Wachtell, Skadden called in for Hewlett Packard Enterprise’s $14bn Juniper acquisition

Freshfields and Covington also advise on deal highlighting increased appetite for big ticket deals after slump in 2023

A raft of leading firms have been called in to advise on Hewlett Packard Enterprise’s $14bn acquisition of networking gear vendor Juniper Networks, in a deal that signals a growing appetite for dealmaking in the tech industry after a sharp drop in activity last year.  

Wachtell Lipton Rosen & Katz, Covington & Burling and Freshfields Bruckhaus Deringer are advising Hewlett Packard Enterprise (HPE) on the matter, while Juniper is being counselled by Skadden Arps Slate Meagher & Flom.  

HPE has agreed to acquire Juniper for $40 per share in cash, representing a premium of more than 30% on the company’s stock price before reports of a possible deal.  

The deal will see HPE, which primarily sells equipment for data centres, double its existing networking business amid demand for ever faster communications within and between servers from AI companies.  

Wachtell’s team was led by corporate partners Benjamin Roth, Raaj Narayan, Steven Green and of counsel Andrew Brownstein. It also included partners Ilene Knable Gotts (antitrust); Adam Shapiro (executive compensation and benefits); Emily Johnson (finance), and T. Eiko Stange (tax). IP of counsel Selwyn Goldberg also worked on the deal.  

The firm’s longstanding relationship with Hewlett Packard previously saw it counsel the company on its separation into HPE and its PCs and printer arm HP in 2015 and the $1bn purchase of Nimble Storage two years later. It also acted for HPE on its $1.3bn acquisition of supercomputer business Cray in 2019.  

The Freshfields team was led by antitrust partners Jennifer Mellott – who heads the UK firm’s Washington DC office – Alan Ryan, Thomas Janssens and Martin McElwee, and included antitrust partners Mary Lehner, Rikki Haria and Ninette Dodoo. 

Meantime the Skadden team acting for Juniper included corporate partner Amr Razzak, counsel Christopher Hammond and associates Maggie Yiin and Alex Lyass; executive compensation and benefits partner Joseph Yaffe and counsel Kristin Davis; IP and technology counsel Pramode Chiruvolu and associate MacKinzie Neal; antitrust/competition partners Steven Sunshine, Maria Raptis and Andrew Foster; national security partner Brian Egan; and labour and employment law partner Annie Villanueva Jeffers and counsel Ryne Posey. 

Wachtell, Skadden and Freshfields were all among the top 10 in LSEG’s global M&A legal advisor rankings by deal value for 2023, when worldwide M&A activity fell to a 10-year low of $2.9trn. Wachtell came in fifth behind 2022’s top firm Sullivan & Cromwell, working on deals worth $310.3bn, followed by sixth-placed Skadden ($303.1bn) and Freshfields in seventh place ($278.3bn).

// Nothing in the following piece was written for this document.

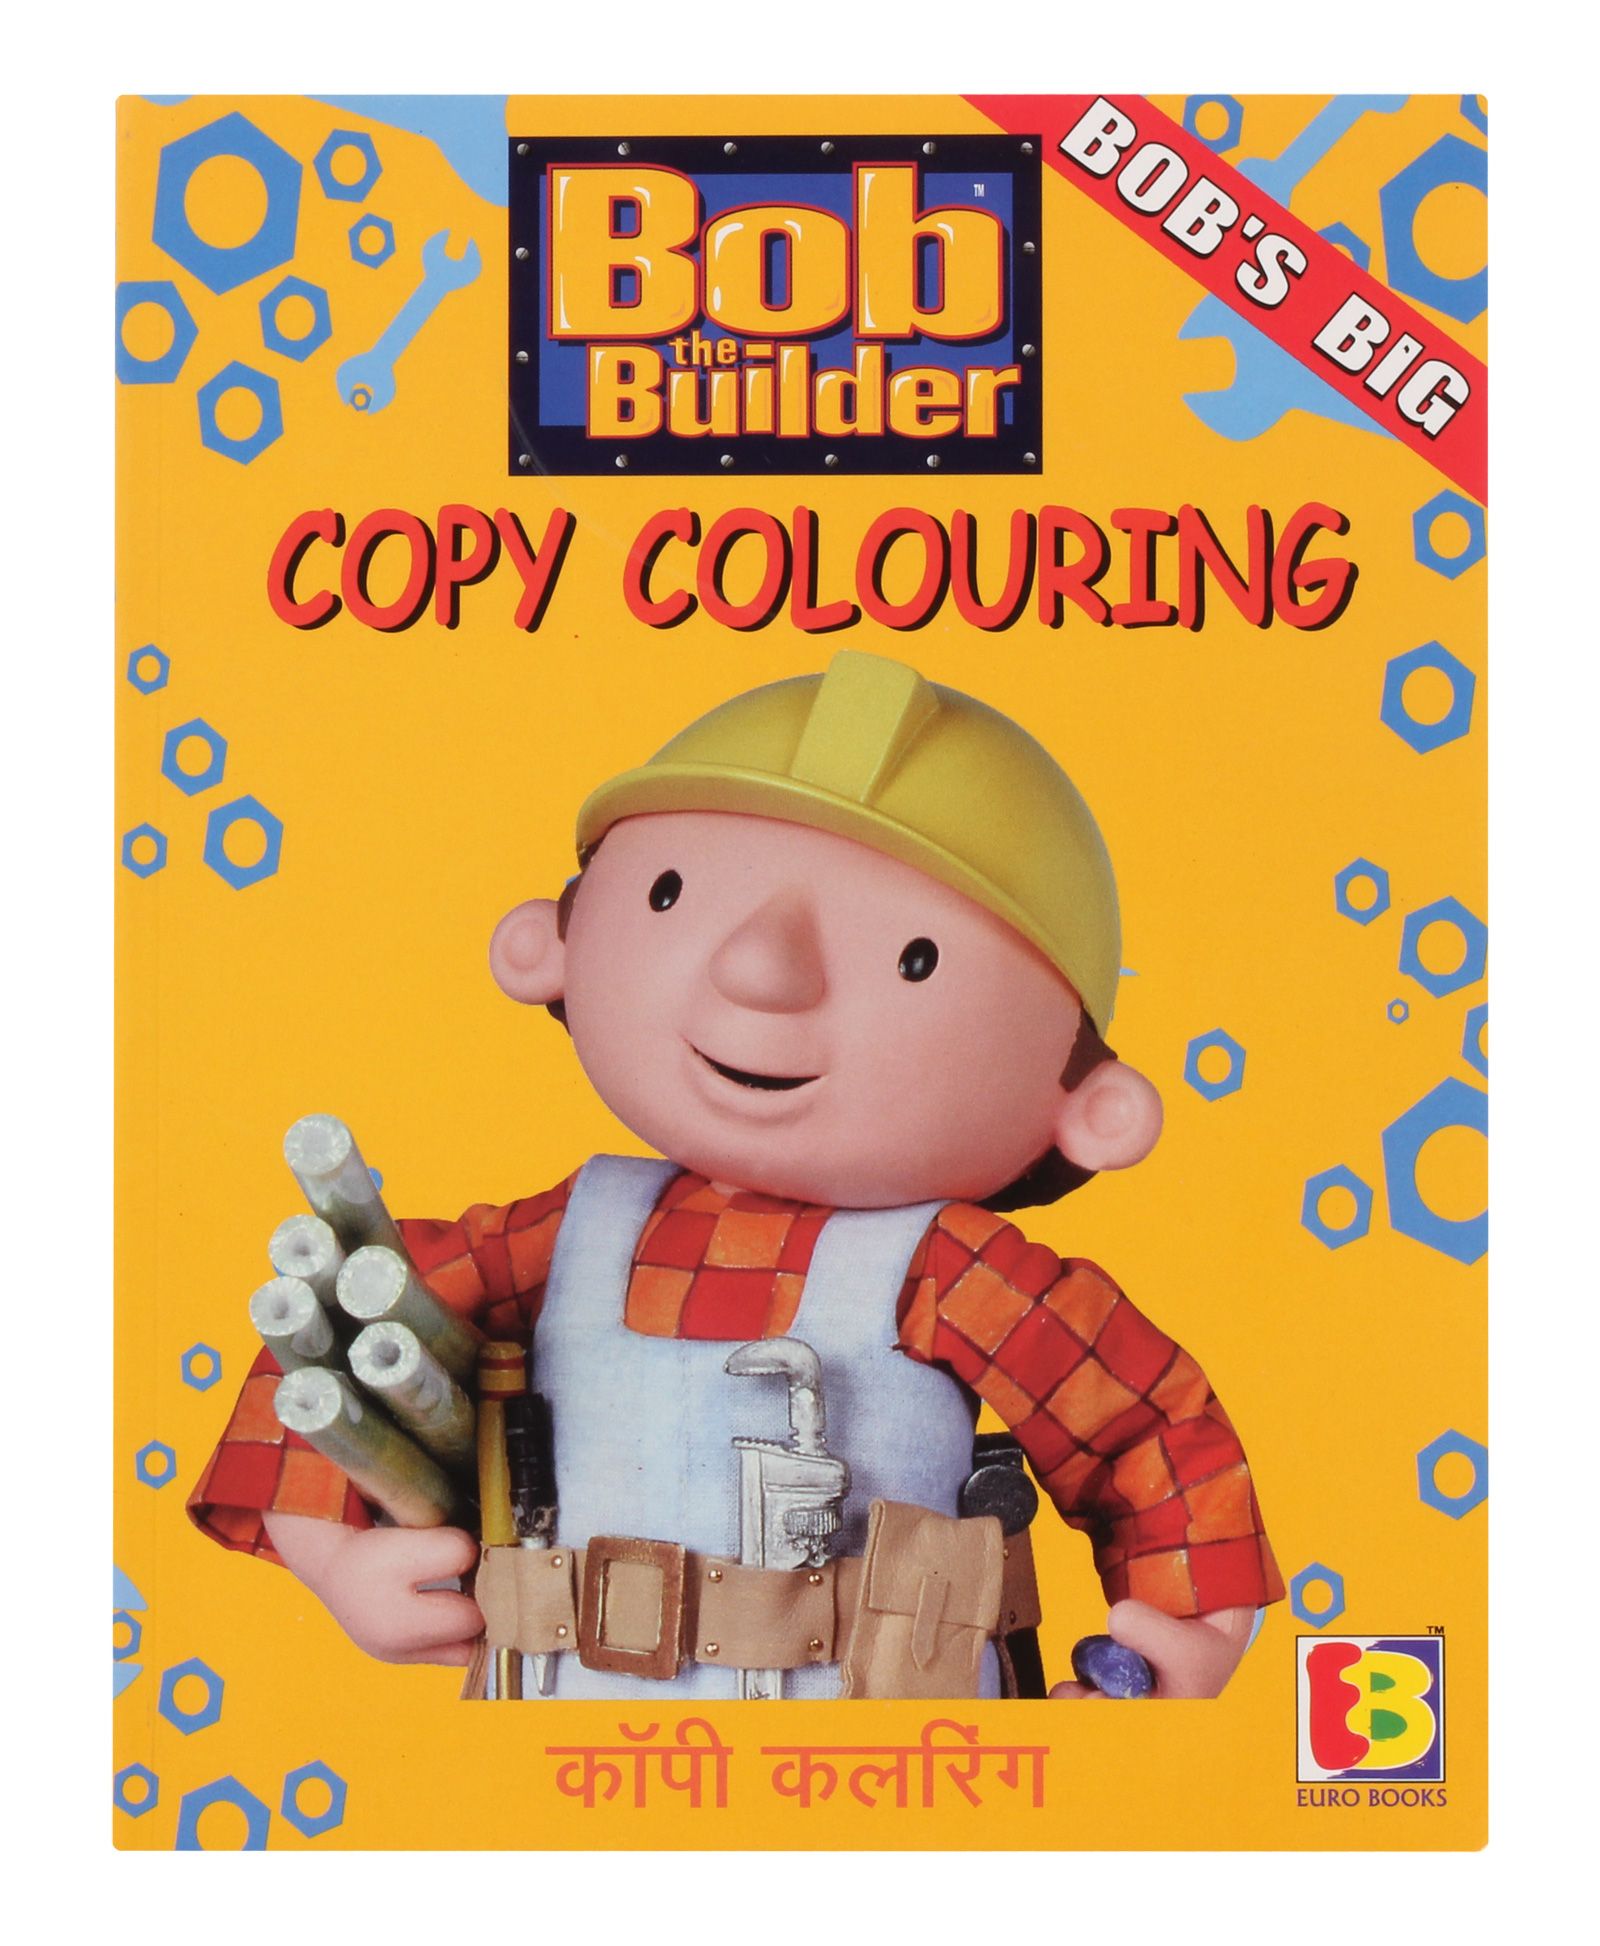 Bobs Big Bob the Builder - Copy Coloring Book

Covington was not among the top 25 firms.  

Despite a few big-ticket deals, the value of M&A in the tech industry plunged 47% last year to $370.5bn, held back by a combination of ongoing interest rate increases, persistently high inflation rates and antitrust scrutiny from regulators.  

The largest tech deal announced last year was the $29bn acquisition of data and security software company Splunk by Juniper’s rival Cisco, which saw Simpson Thacher & Bartlett called in as Cisco’s legal counsel and Cravath Swaine & Moore act as regulatory counsel. Skadden advised Splunk.  

HPE said adding Juniper to its portfolio would bolster margins and speed growth, adding it expected the deal would lead to $450m in annual cost savings within three years of completion. 

“HPE’s acquisition of Juniper represents an important inflection point in the industry and will change the dynamics in the networking market and provide customers and partners with a new alternative that meets their toughest demands,” said Antonio Neri, HPE’s president and chief executive.   

“This transaction will strengthen HPE’s position at the nexus of accelerating macro-AI trends, expand our total addressable market, and drive further innovation for customers as we help bridge the AI-native and cloud-native worlds, while also generating significant value for shareholders.”  

JP Morgan Securities and Qatalyst Partners served as HPE’s financial advisors, while committed financing for the transaction has been provided by Citigroup Global Markets, JPMorgan Chase Bank and Mizuho Bank. Goldman Sachs acted as Juniper’s exclusive financial advisor. 

The deal is expected to close late this year or early next year, subject to regulatory approvals and approval from Juniper shareholders.